The Lord’s Prayer Series is about the struggle between good and evil. Even though we were given this prayer to pray, we are inherently sinners. It’s about man’s fragility and how close we are to stepping off the wrong side of honor.
4) What drew you into this particular genre?
I have always been fascinated with horror. You take the scariest thing, you can manipulate it, control it to its end. I love the power in that.
5) If you could sit down with any character in your book, what would you ask them and why?
Each story in this book has some great characters. I’d like to find out why they did what they did. Why they went in the direction they did, and why they couldn’t conquer their shortcomings.
6) What social media site has been the most helpful in developing your readership?
Facebook has helped a lot. Author groups are a wonderful support system, we hold one another up.
7) What advice would you give to aspiring or just starting authors out there?
Don’t give up. If you don’t submit it’s a no. Read, read, read. You learn something new in every book. A phrase, a vision. Something that motivates you to write another story. It is hard to put yourself out there, naked, and exposed but when a publisher says “yes,” it’s so worth it.
8) What does the future hold in store for you? Any new books/projects on the horizon?
The Lord’s Prayer Horror series is coming out in July 2024 from Myth Mart Publishing. I am currently working on a work I call, The Morgan Dollar Series. Morgan silver dollars, were minted from 1878 to 1904.
I have written a short story for each year about a person whose hands the money passed through. The silver coins either did good or brought out greed in people. I was inspired by my husband showing his coin collection to a neighbor telling her, “Just think, this coin could have been in a cowboy’s pocket.” That inspired me to write where the coins had been, by telling the stories of the owners. I have a handful of stories yet to complete.
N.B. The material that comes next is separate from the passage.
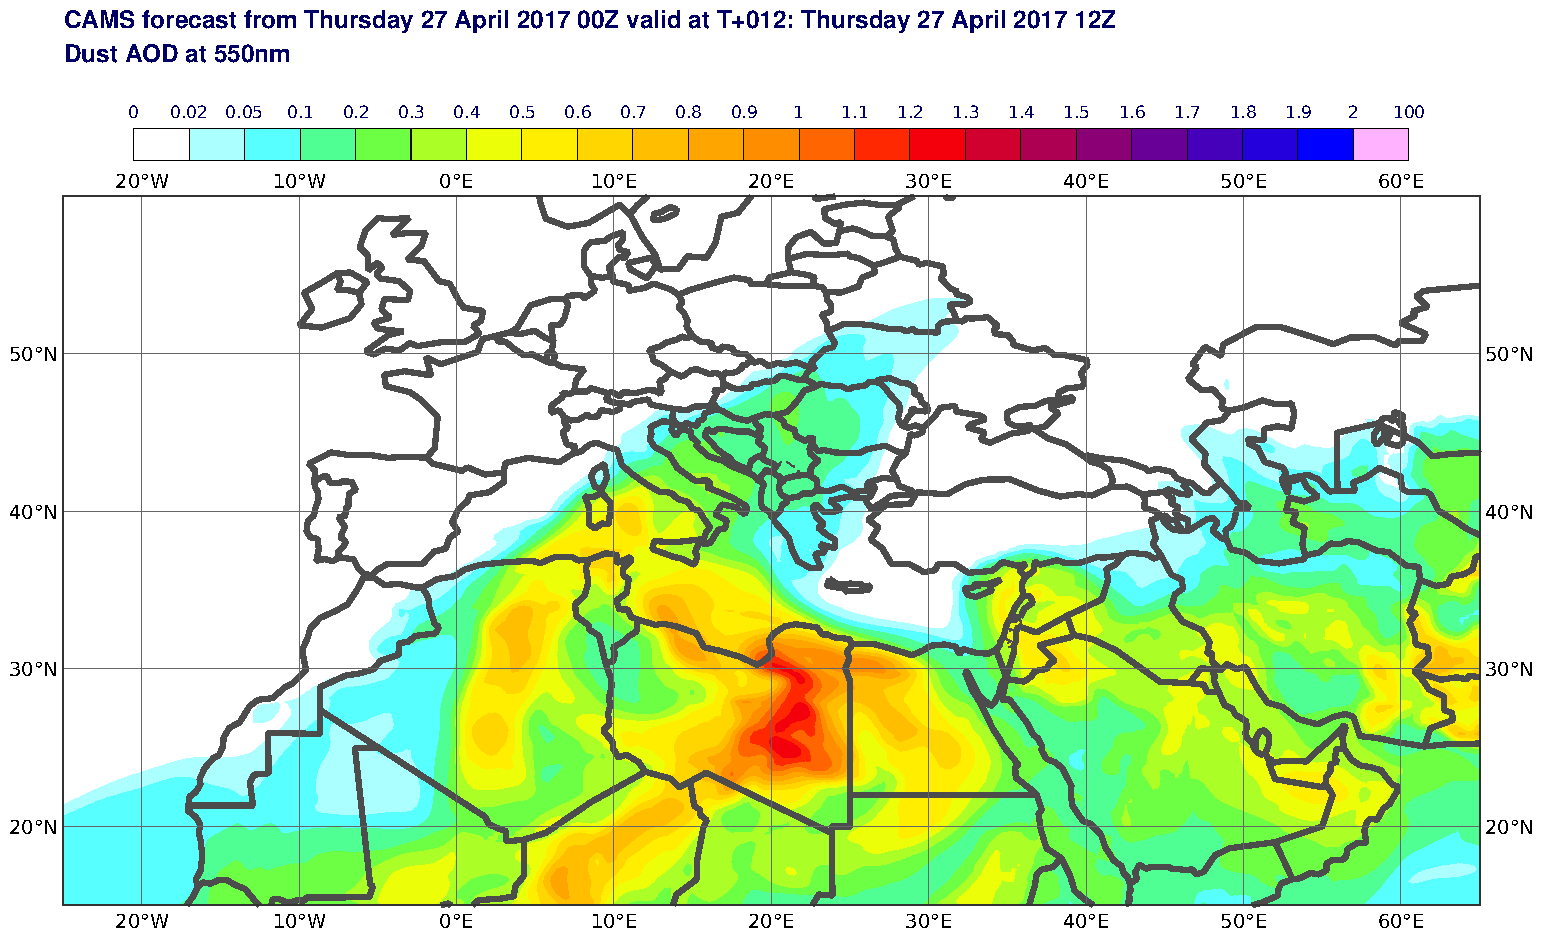 Dust AOD at 550nm valid at T12 - 2017-04-27 12:00

Thank you, Anthony, for asking me to interview. Bread Pudding was a fun write. A vampire who is a bit of an agoraphobic germaphobe, was an interesting contradictive character fighting his fears, but enslaved by the creature he has become. I was proud to be the runner-up in that competition.
About the Author

Dawn DeBraal lives in rural Wisconsin with her husband, a stray cat and a rescued dog. She has published over 600 short stories, drabbles, and poems in online ezines and anthologies. She tends to lean toward the horror genre because it makes her life seem so much better! Falling Star Magazine nominated Dawn for the 2019 Pushcart Award; she was Runner-up in the 2022 Horror Story Competition, two-time Author of the Month, nominated 2020,2022,2023 Author of the Year and received Contributor of the Year 2023 Spillwords Magazine, she was named Member of the Month in Issues 103 and 115 in The World of Myth Magazine and Finalist in the Owl Canyon Roost writing contest. Dawn also writes under the pen name Garrison McKnight.